OTHER NOTES: -The only person Sean is truly ‘good with’ (and in turn smiles to) is Scarlet
KEY
Yellow highlight=they are problems that need a/better solution(s). Gray highlight=possible solution to problem. Bold titles=they are essentially scenes/events in the movie, roughly in chronological order but CAN be moved around. Italics=they basically tell what the significance of each scene is.
-Sean leaves drug rehab center. PROBLEM #1 (NEED TO FIGURE OUT A WAY TO TELL AUDIENCE THAT SEAN IS COMING OUT OF DRUG REHAB, WITHOUT BEING CLICHÉ.) -He has headphones on with music. He is chewing gum. He takes off his headphones. -He signs some papers. The clerk asks him where he’s going to go after rehab. Sean’s response to the clerk is sort of a ‘set up’ for the movie; basically, he explains in general what he plans to do so the audience has a basic understanding of the background of future events. He tells him that he needs to see his girlfriend, wants to get a job, but he’s not ready to see his parents though. He tells him/her that he just wants to start fresh. -The clerk is smoking a cigarette and he takes the cigarette from the clerk’s mouth.

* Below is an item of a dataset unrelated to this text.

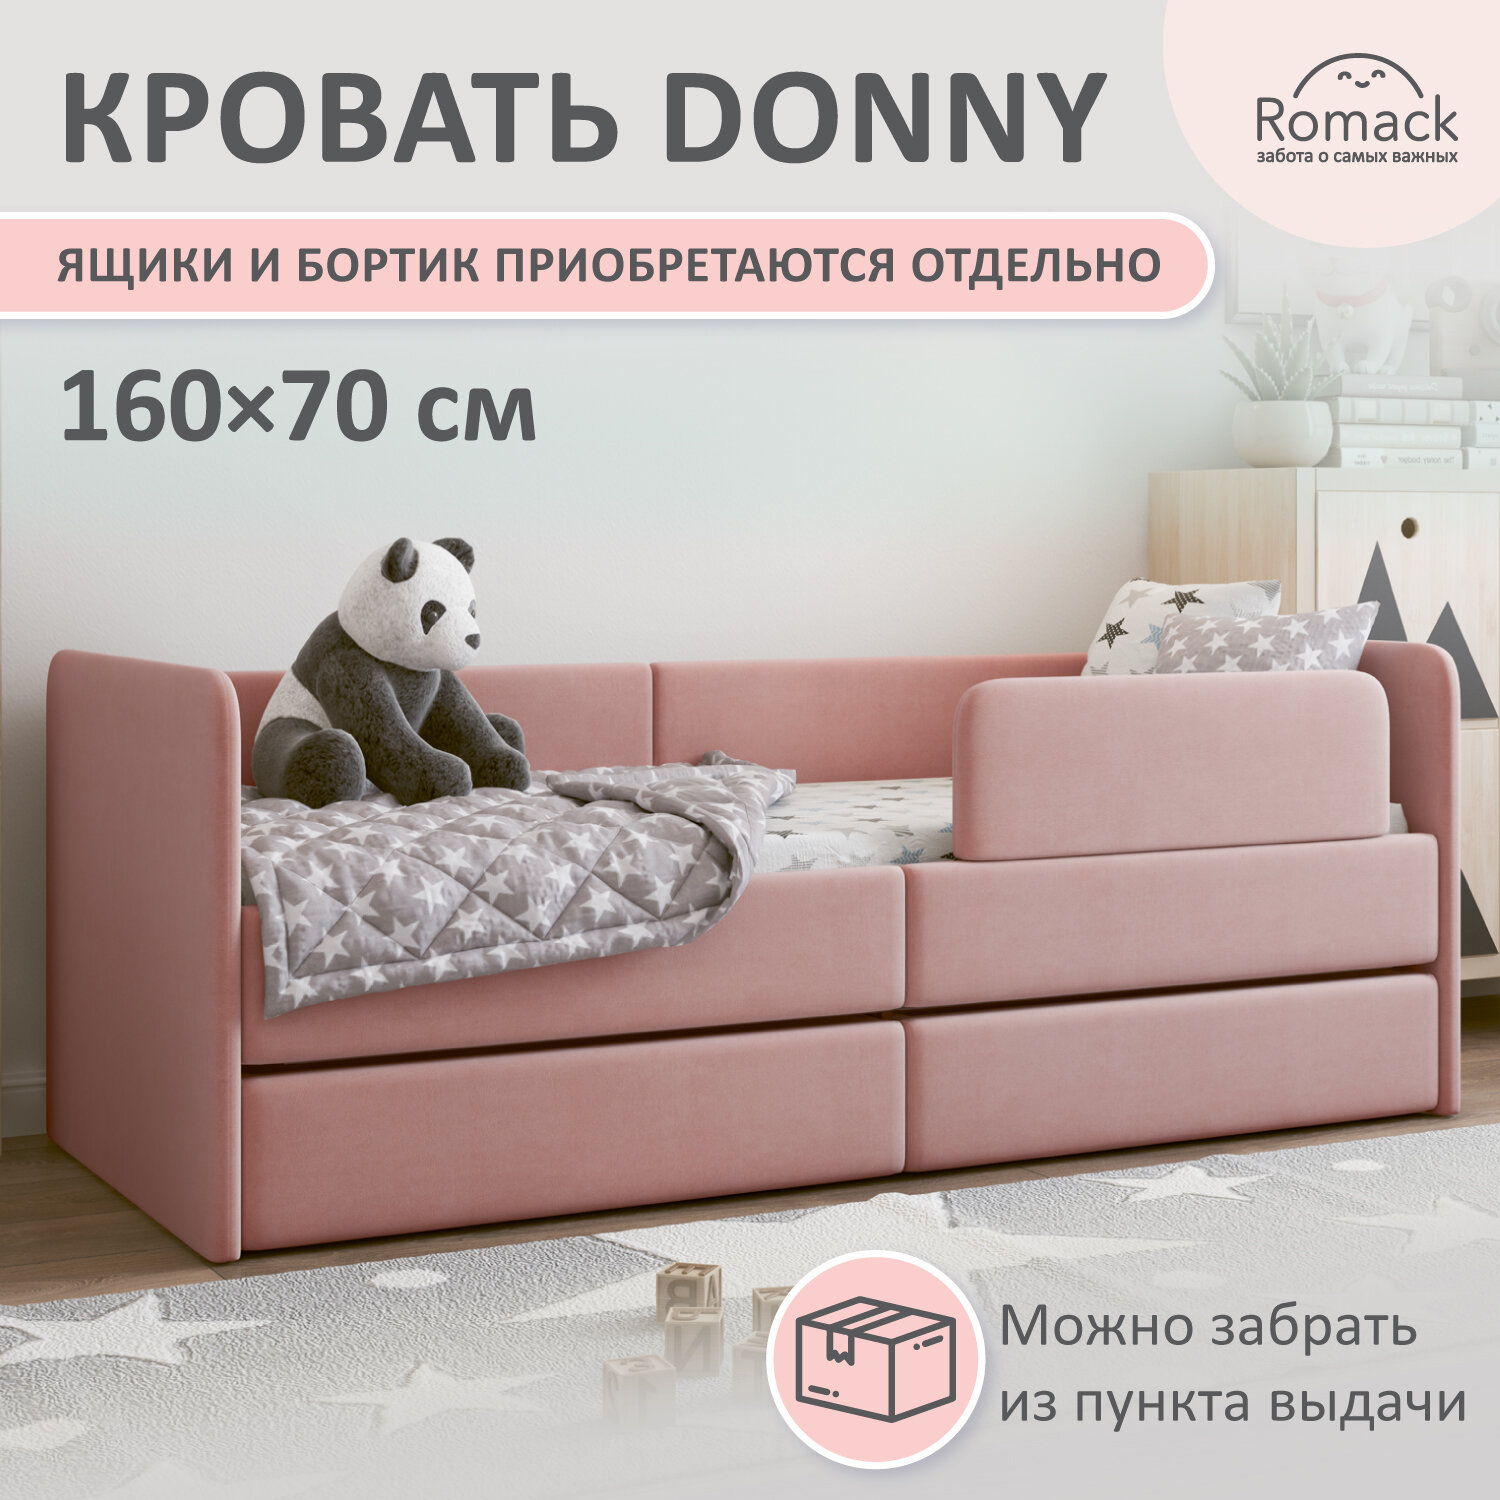 Кровать детская Romack Donny 160х70 с ортопедическим основанием, мягким изголовьем, роза

(WHILE HE IS TELLING THE CLERK WHAT HE IS GOING TO DO AFTER REHAB, THE VIDEO CUTS TO DIFFERENT “SCENES” AS A WAY TO TRANSITION INTO THE ACTUAL MOVIE)
-(CUT 1) “Long path scene” -Sean walks toward frame from a distant. He is listening to music on an old tape player/CD player. We first get a medium close up of Sean walking towards frame and possibly cut to a wider shot afterwards.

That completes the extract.